According to TCM theory, women with unbalanced constitutions are at higher risk of uncomfortable symptoms and adverse outcomes because they cannot adapt well to the physiological and psychological changes accompanying pregnancy and delivery. Qi and Blood deficiency are disadvantages of menstruation, pregnancy, and childbearing and influence both maternal health and fetal/newborn health [7, 8].

Prenatal care and neonatal care have been used to prevent and reduce adverse pregnant outcomes [911]. Preconception care also was used to supplement and increase the likelihood of a desire and healthy pregnancy and a healthy infant by providing timely and exact information and intervention [12, 13]. However, women are satisfied with common preconception and prenatal care based on the modern medical concept of health status; therefore, personalized health care services would be more acceptable. The theory of TCM constitution provides personalized services for all women in the following three aspects. First, people have different constitutions even if they have similar demographic and medical characteristics [14]; second, different constitutions require different treatments (i.e., different food due to different food properties, different guidance on work and rest and on exercise regimen, and different Chinese herbs) [5, 15, 16]; third, different foods that provide similar nutrients may not have the same TCM natures, so due to different food properties, people should choose better foods according to their constitutions [5, 15, 16]. For example, people with Yang-deficiency are recommended to eat food that can warm the Yang, such as ginger, chestnut, walnut, chives, beef, and mutton, and to avoid uncooked and cold food, such as pear, watermelon, grapefruit, raw vegetable salad, cold milk, cold beer and ice cream, and green tea.

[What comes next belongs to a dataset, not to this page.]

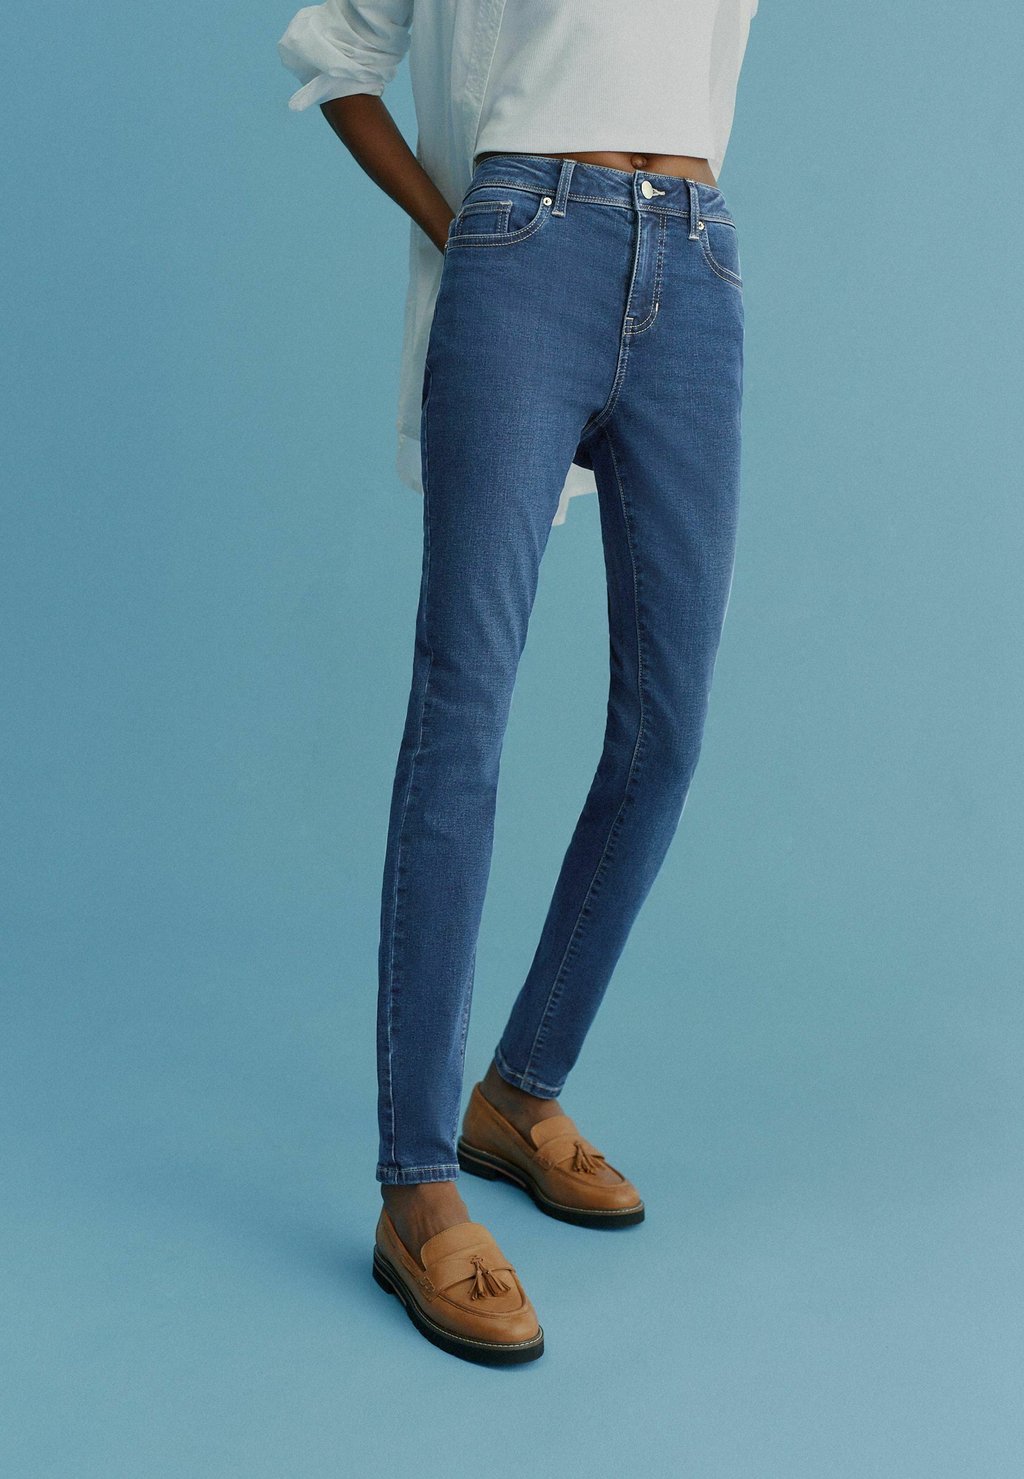 цена Узкие джинсы темно-синего цвета Next, темно-синий

They should keep warm, especially the feet, upper back, and lower abdomen, particularly in autumn and winter, and ventilate the living room. Proper outdoor activities on sunny days are recommended for Yang-deficiency, whereas strenuous exercise in the summer and under adverse environmental conditions (i.e., strong wind, bitter cold, heavy fog, heavy snow, or air pollution) is not suggested.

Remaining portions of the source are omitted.